Birds sing. Dinosaurs didn’t.

Scientists know this after the recent discovery of the oldest known vocal organ of a bird, found in an Antarctic fossil of an ancestor of ducks and geese that lived more than 66 million years ago during the last days of dinosaurs. No dinosaur of that era had it.

The discovery of the Cretaceous-era vocal organ, called a syrinx, and its apparent absence in nonavian dinosaur fossils of the same age, indicates the organ may have originated late in the evolution of modern birds, and that other dinosaurs may not have been able to make noises similar to the bird calls heard today, according to findings published in Nature Wednesday (Oct. 12) by an international team of paleontologists that included Horn Professor Sankar Chatterjee, curator of paleontology at the Museum of Texas Tech University.

Acoustic communication in sonic vertebrates involves both the generation and detection of signals. Those who make sounds can discriminate those auditory cues in their cochlear duct of the inner ear. In terrestrial vertebrates, vocalizations are produced by specialized organs such as the larynx in amphibians, reptiles and mammals or the syrinx in birds that vibrate air as it moves from the lungs through the respiratory tubes. Vocalizations are used to communicate across as well as within species.

“This finding helps explain why no such organ has been preserved in a nonbird dinosaur or crocodile relative,” said Julie Clarke, a paleontologist at The University of Texas at Austin Jackson School of Geosciences, who discovered the fossil syrinx and led the analysis. “This is another important step to figuring out what dinosaurs sound like as well as giving us insight into the evolution of birds.”

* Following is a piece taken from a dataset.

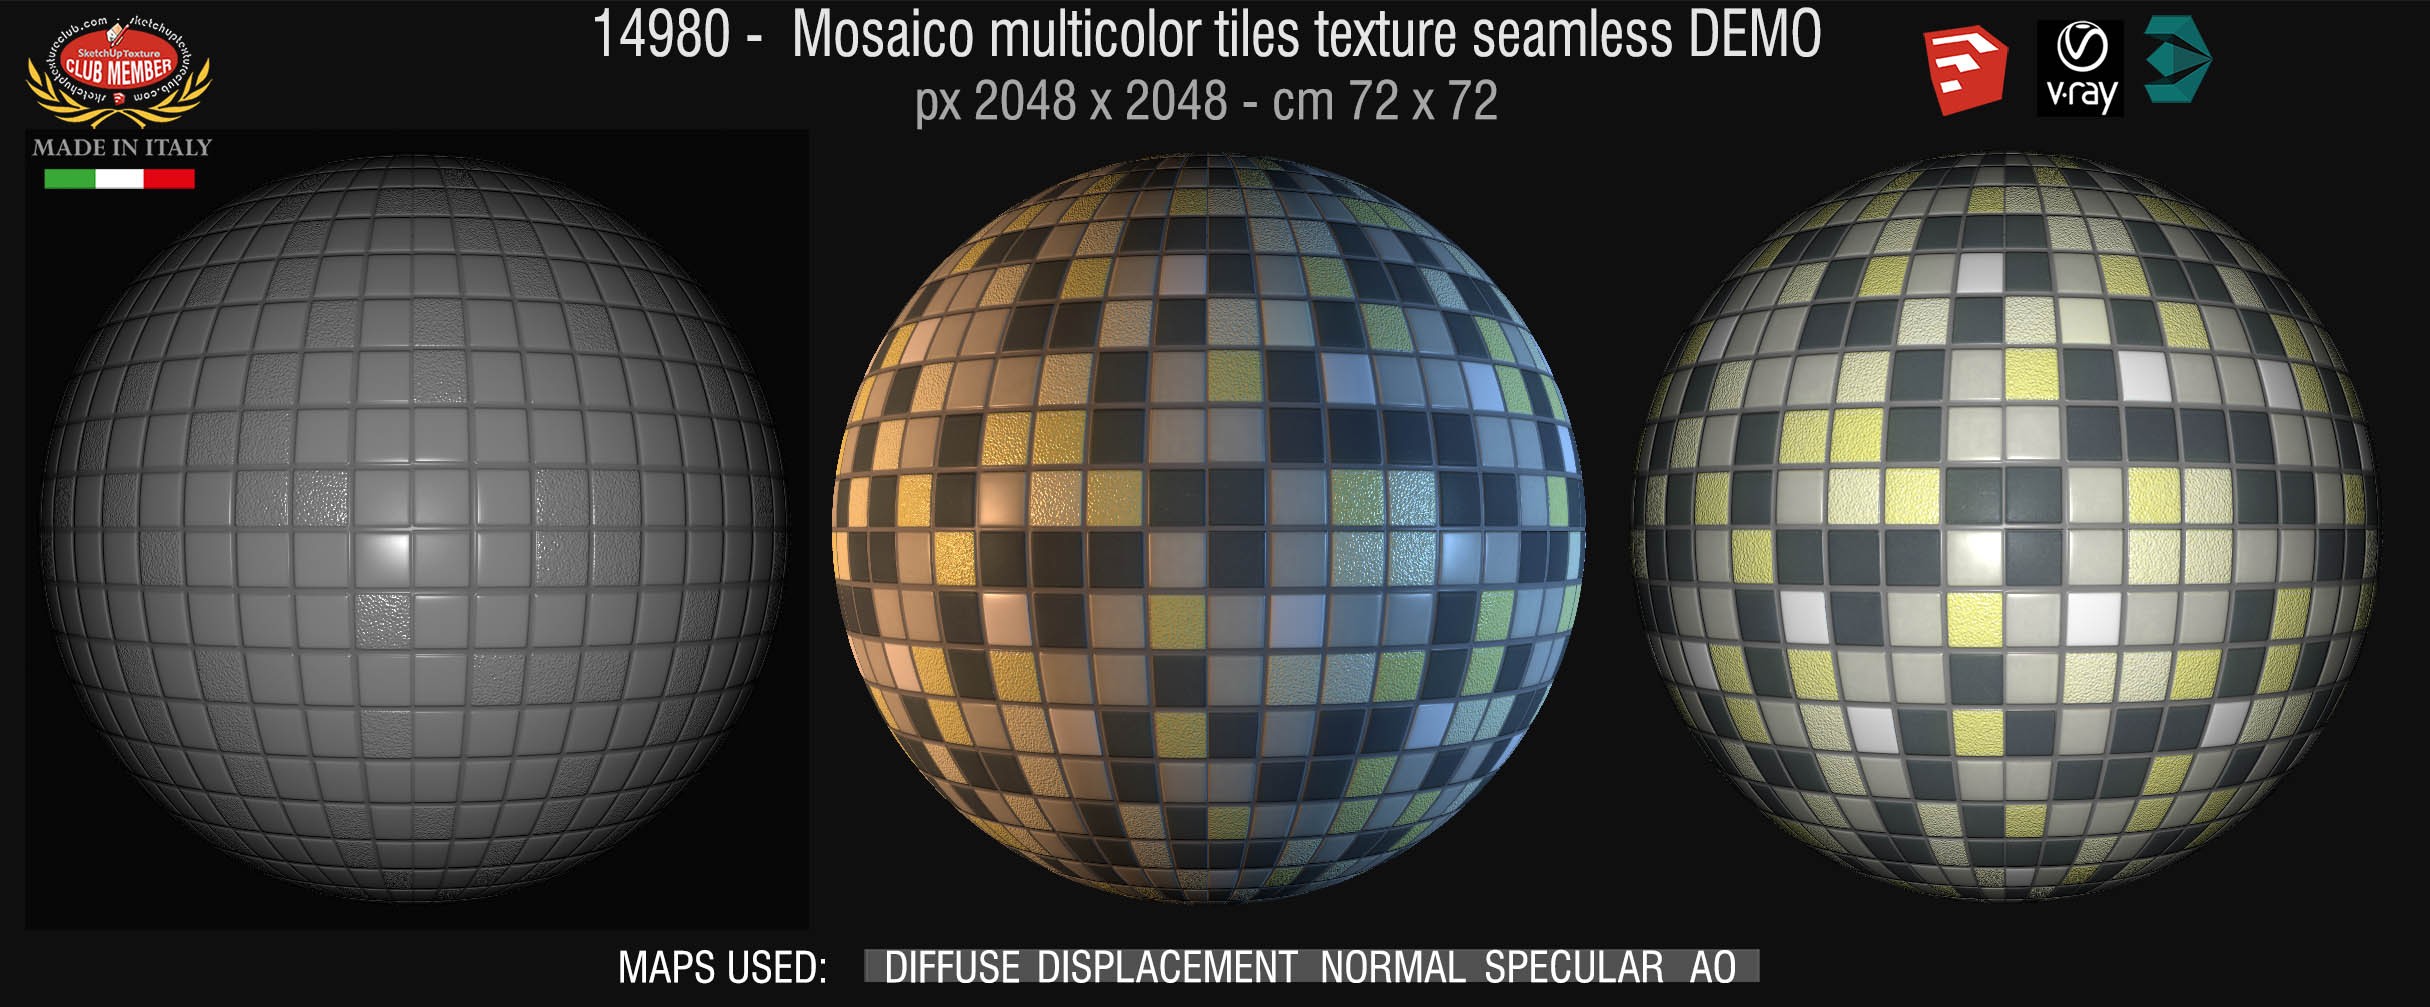 14980 Mosaico multicolor tiles texture seamless + maps DEMO

The syrinx is made of stiff cartilage rings supporting soft tissues that vibrate to produce the complex songs and calls of modern birds. Cartilage does not fossilize as well as hard tissues such as bone. But the high mineral content in the syrinx’s rings sometimes allows for fossilization. All other known examples of fossilized syrinxes occur in birds that lived well after nonavian dinosaurs were extinct.

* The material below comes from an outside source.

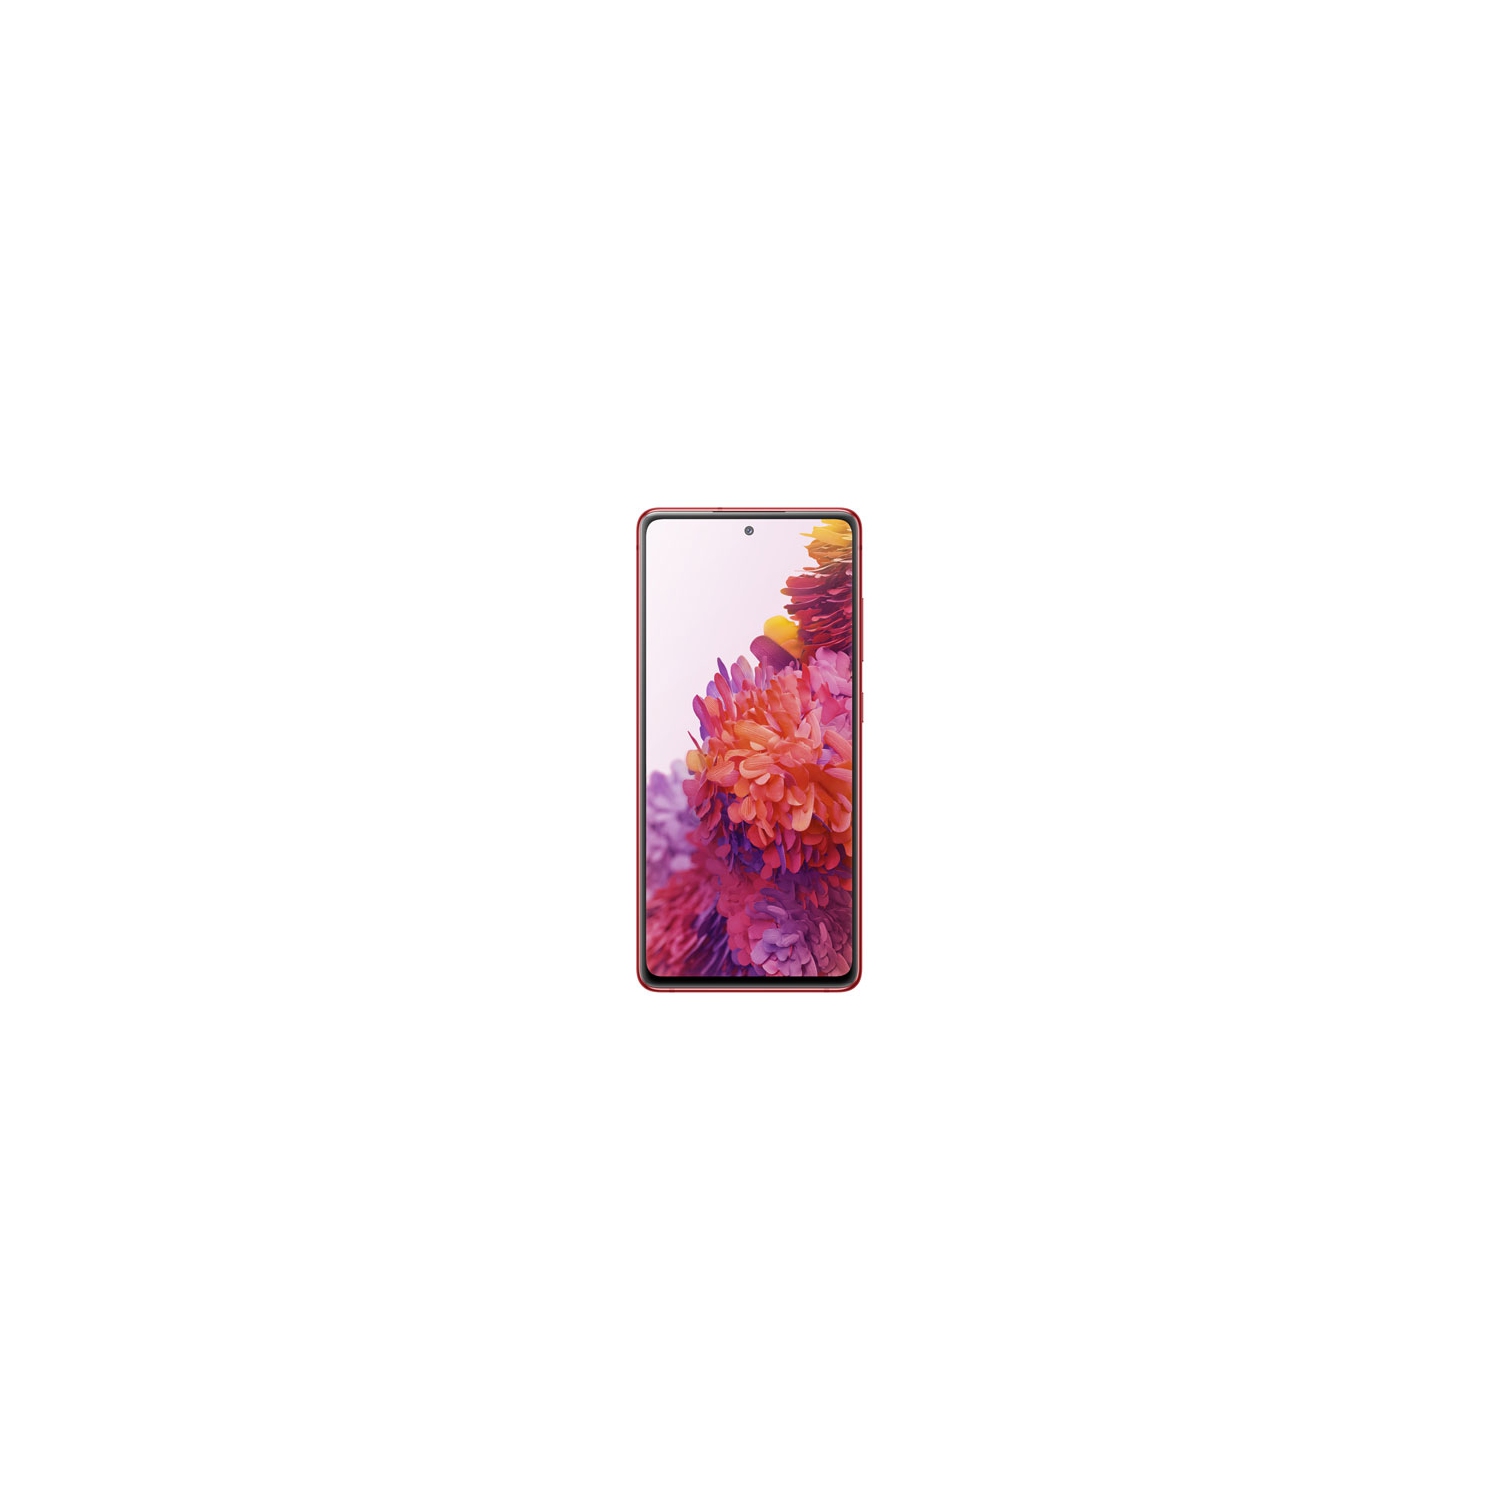 Refurbished (Good) - Samsung Galaxy S20 FE 5G 128GB - Cloud Red - Unlocked

The team found the syrinx in a fossil of Vegavis iaai, a foot-propelled bird that lived during the end of the Cretaceous period (about 65 million years ago). The specimen in which the syrinx was found was discovered on Antarctica’s Vega Island in 1992 by a team from the Argentic Antarctic Institute, who gave it to Chatterjee for collaborative work. Chatterjee has built a reputation among the paleontological community; he and several students have been to Antarctica several times and amassed a large collection of fossils from Antarctica.

This specimen was preserved in hard sandstone, which concealed some of the features, and technology at that time did not allow for the kind of examination needed.

Since UT has a high-resolution CT scanning facility, Chatterjee reached out to Clarke, and in 2013, more than two decades after the discovery of the fossil, Clarke noticed the Vegavis fossil included a syrinx. For two years after that discovery the team searched the dinosaur fossil records for other examples of a syrinx, but so far has found none.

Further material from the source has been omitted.